Requirement ▸ Using the records below, write out again exactly the lines that begin at the line containing "Walrus (DE 6368) - Triadic Color Palette" and end at the line containing "Kickin it Like", and no other lines.

Data extracts ▸
#####
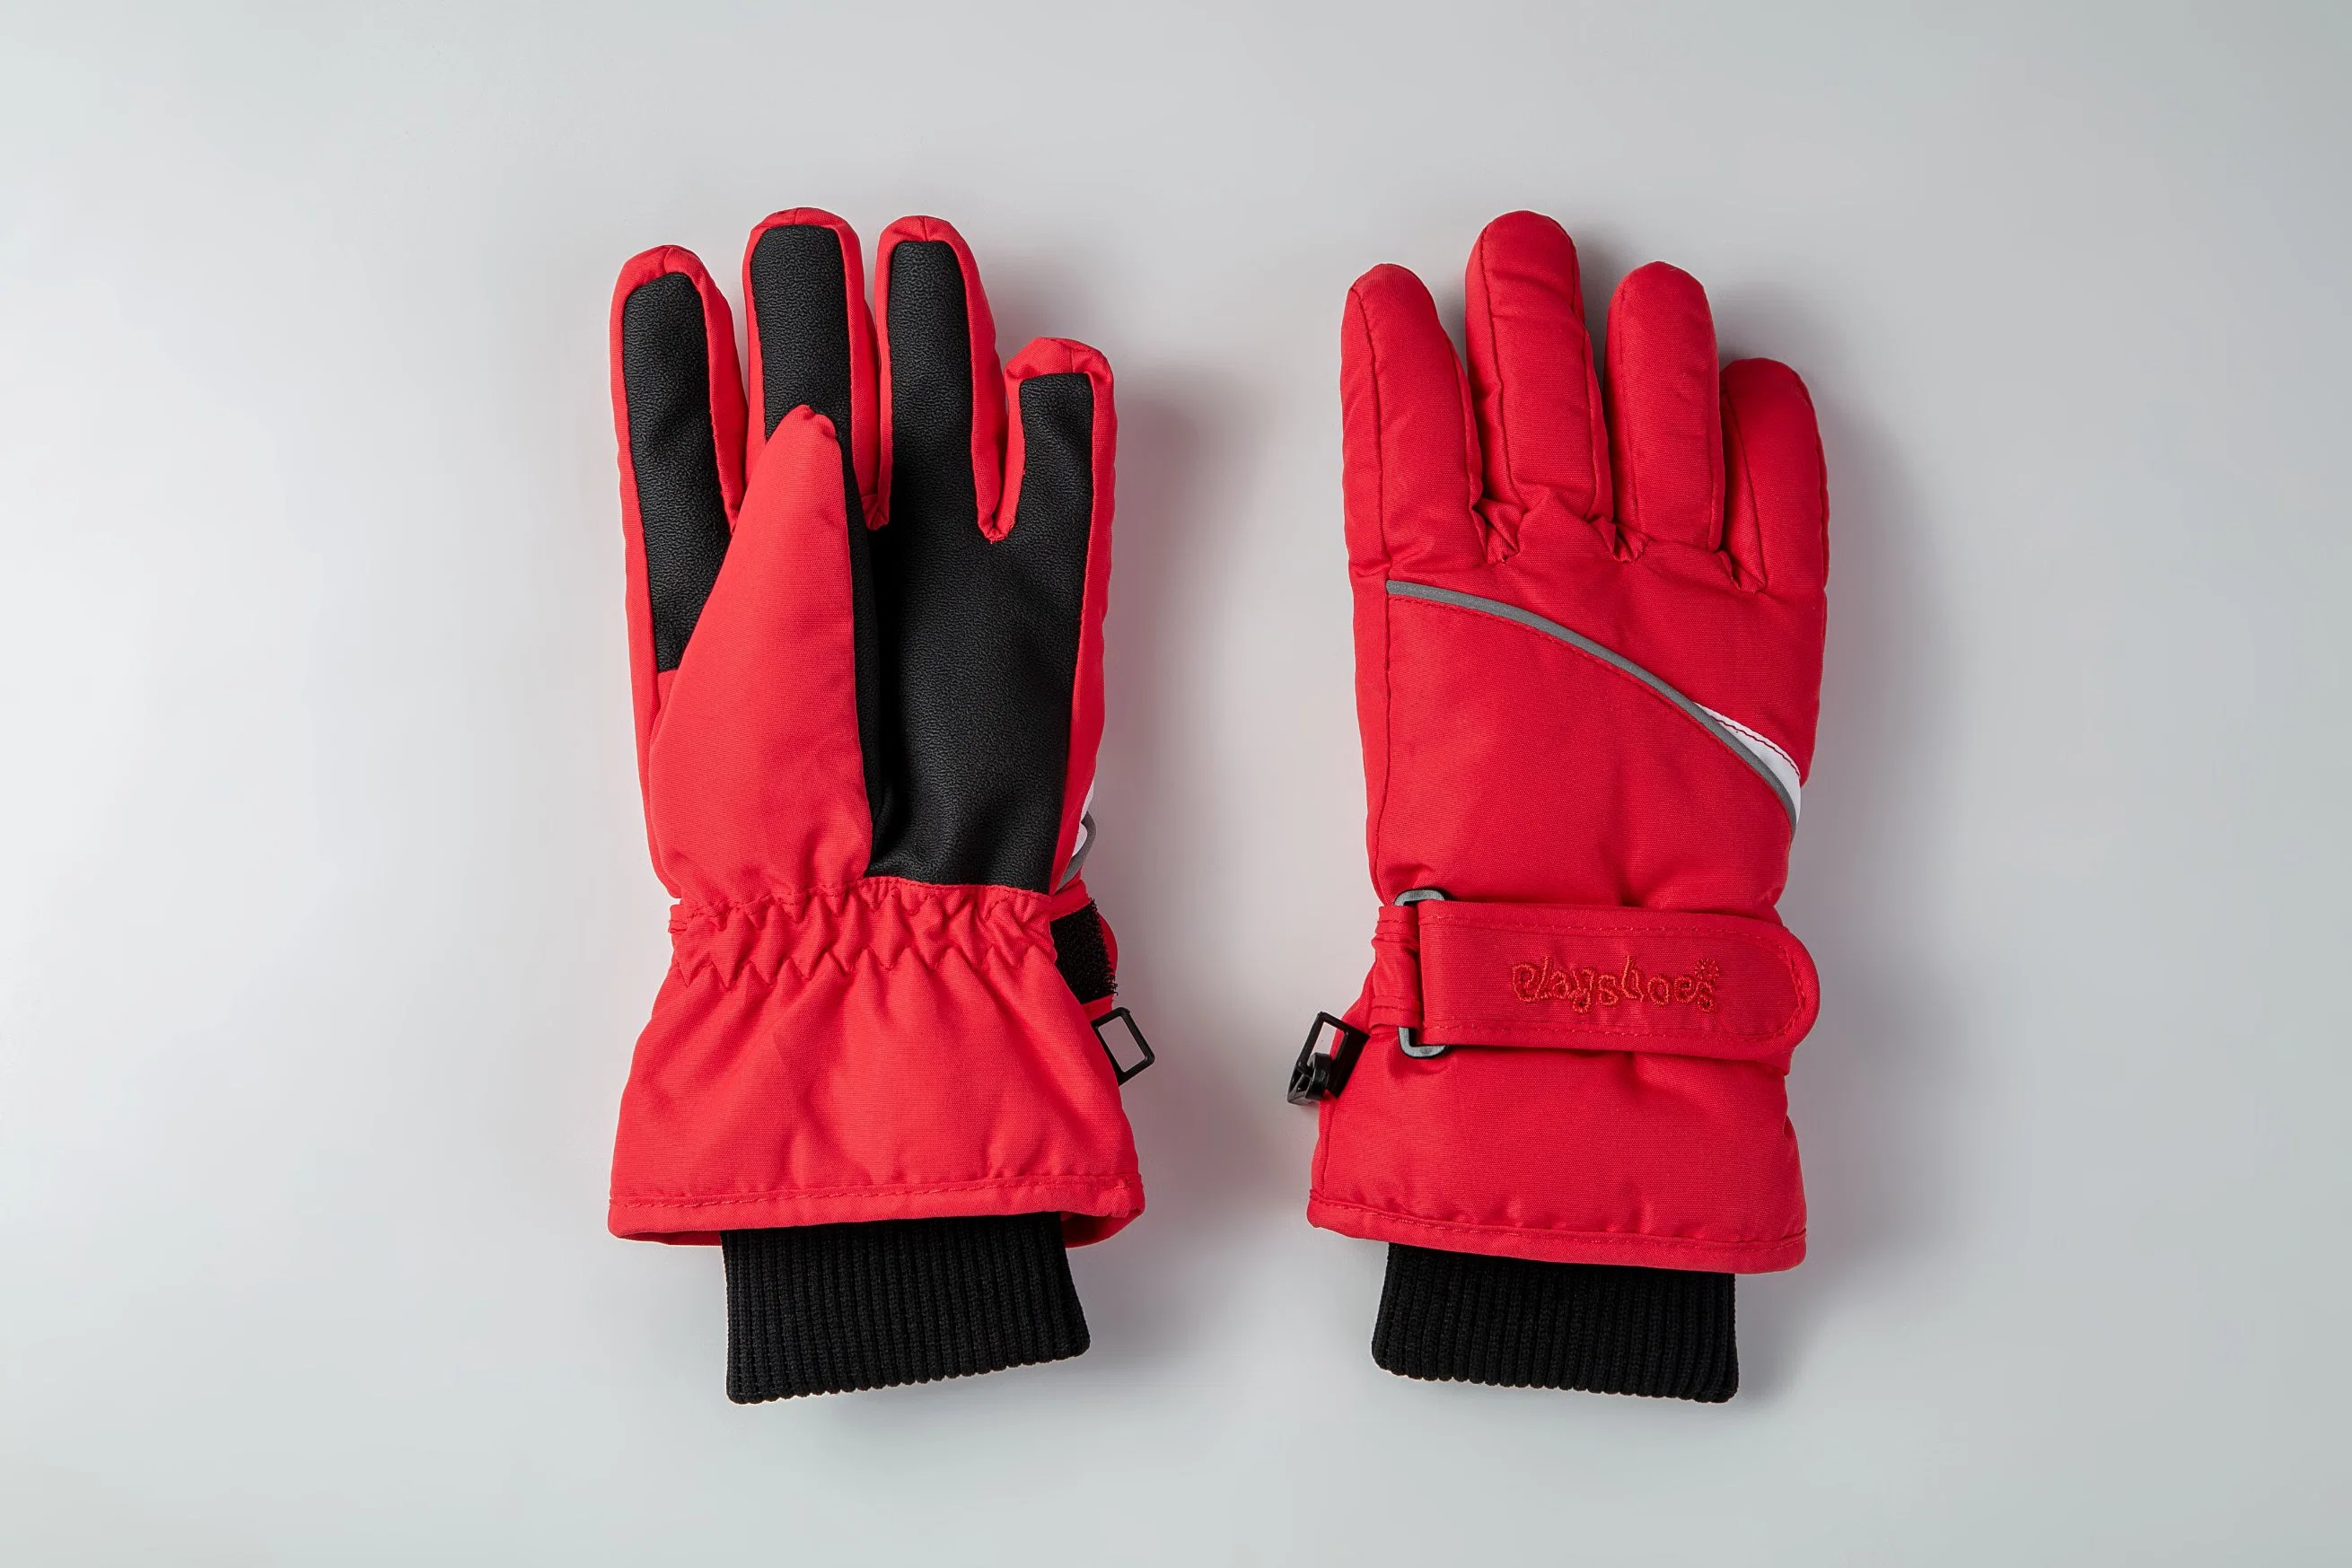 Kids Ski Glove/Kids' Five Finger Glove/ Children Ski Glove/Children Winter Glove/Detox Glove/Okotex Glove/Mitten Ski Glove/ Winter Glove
#####
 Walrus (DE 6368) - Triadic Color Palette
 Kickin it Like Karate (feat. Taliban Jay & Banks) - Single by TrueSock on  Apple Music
#####
Reply ▸
 Walrus (DE 6368) - Triadic Color Palette
 Kickin it Like Karate (feat. Taliban Jay & Banks) - Single by TrueSock on  Apple Music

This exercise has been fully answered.